Перевязь оттянулась за ночь. Шерсть под бинтом задралась узлом к запястью; в плече ныло тупо, ровно, как ноет перетянутая верёвка под тяжестью, которую решили не снимать до утра. Я не пошевелился. Лежал ещё минуту, считая на потолке хаты Ондровца две тёмные щели между жердями — те же две щели, что и в декабре. С декабря в них набивался иней; к утру десятого февраля иней в правой щели сошёл, в левой держался.
За перегородкой Фёдор уже не спал. Слышно было по тому, как стоит чугунок на печи: ровно, без позвякивания о решётку — значит, выправил подкладку, как всегда выправлял, прежде чем заварить чай. Шевельнулся я левой рукой; левой же сел; левой подтянул перевязь к плечу так, чтобы шерсть села обратно. Кисть в бинте слушалась ровно настолько, насколько ей разрешали слушаться: пальцы один и два — чувствительность медленная, кончики пощипывает; третий и четвёртый — глухо, как через войлок; мизинец — нормально. Лиза вчера переменила повязку перед отъездом обоза; шерсть свежая, не сбилась под бинтом.
— Барин, — сказал Фёдор за перегородкой. — Чай.
— Подожди, — ответил я. — Сейчас.
Я сел на тюфяк, нащупал левой рукой край тетради под ним. Тетрадь была там, где я её оставил двадцать девятого января — справа, у стены, чтобы шуршала о доски, если бы кто потянул. Не доставал. Доставать буду вечером, не сейчас. Сейчас другая книжка.

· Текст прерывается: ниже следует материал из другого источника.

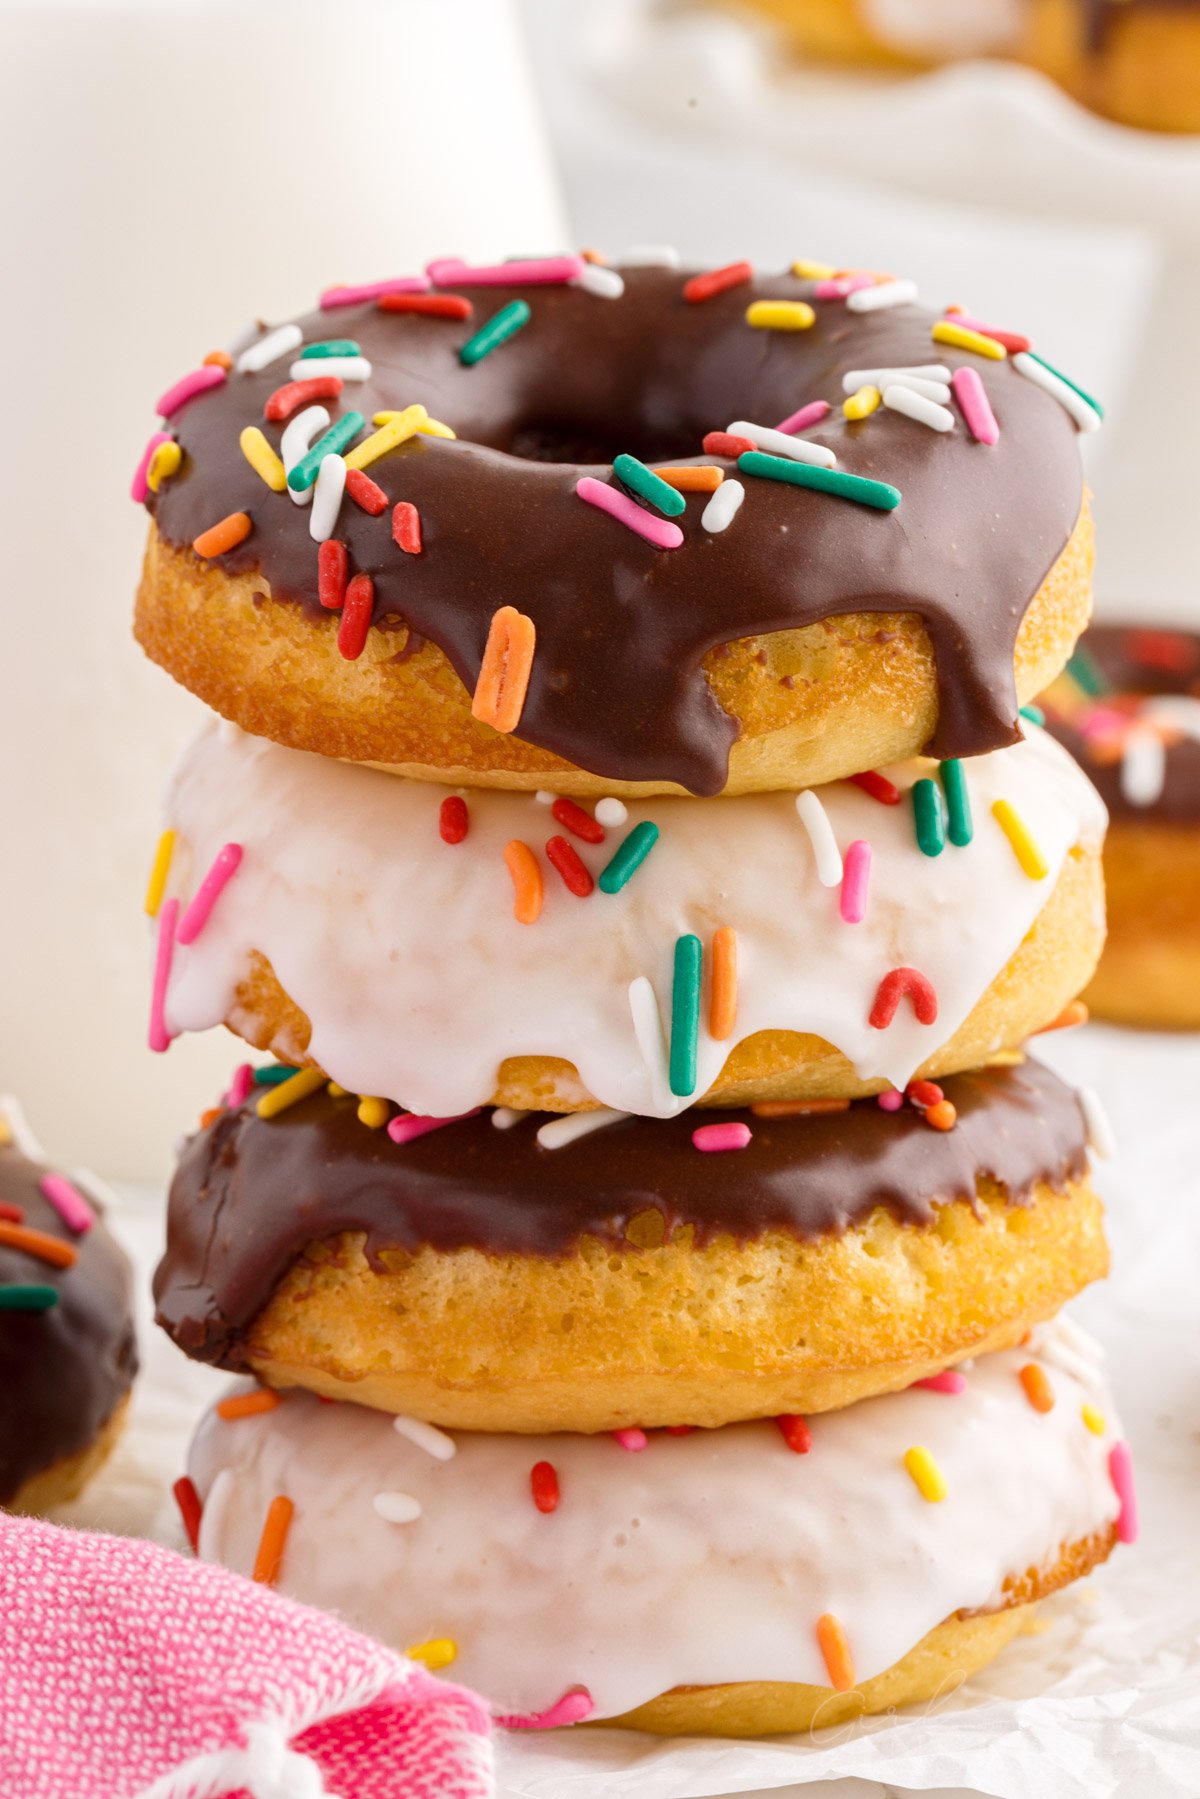 Cake Mix Donuts stacked on top of each other.

Карманную я вынул из нагрудного. Открыл. На правой страничке — восемь строк, написанных вчера вечером в санях у Никандрова, левой рукой, скверным карандашом, кривовато. Никандров правил молча; я писал на колене, опершись о бортик; снег падал на страницу, я смахивал его рукавом, и от этого края страницы стали мохнатыми. Восемь имён лежали на бумаге в том порядке, в котором я их вспоминал в санях — не по алфавиту: Карпов; потом Прокопенко-сын; потом тамбовский Никитин (тот, в строю сухой); потом Соколов-ефрейтор (калужский, обмен в декабре); потом Петров Кузьма (чинил приклады); потом Северов-обозный; потом двое из обозного парка — Седов, Зимин (фамилии записаны без имени, имена утром у Бугрова уточню). Книжку закрыл, положил левой ладонью на тюфяк рядом с собой.
Восемь имён. Я знал их заранее. Это было правильно знать.
— Барин. Холодно, — сказал Фёдор.
— Иду.
Тропа от хаты Ондровца до места ритуала шла по утоптанному снегу под северным боком расположения, мимо обоза, мимо коновязи, мимо штабной хаты Добрынина и потом — наружу из расположения, левее, по короткому подъёму на ровную площадку между двумя соснами. Двести шагов; обозники натоптали её за ночь. По правую руку — кострище: маленький дым, чуть-чуть, ровный, как от свечи; там обозные грели руки и держали лошадей, пока полк строится. По левую — груда жердей; обозные сколачивали ящики до света, и теперь жерди лежали отдельно от готовых гробов. Я насчитал их с восьмого ряда: семь штук, тонкие, ошкуренные, две по полтора аршина, остальные короче. Восьмой стоял отдельно, на повозке с поднятыми оглоблями. Тот, в открытой повозке, был длиннее на ладонь и без узора.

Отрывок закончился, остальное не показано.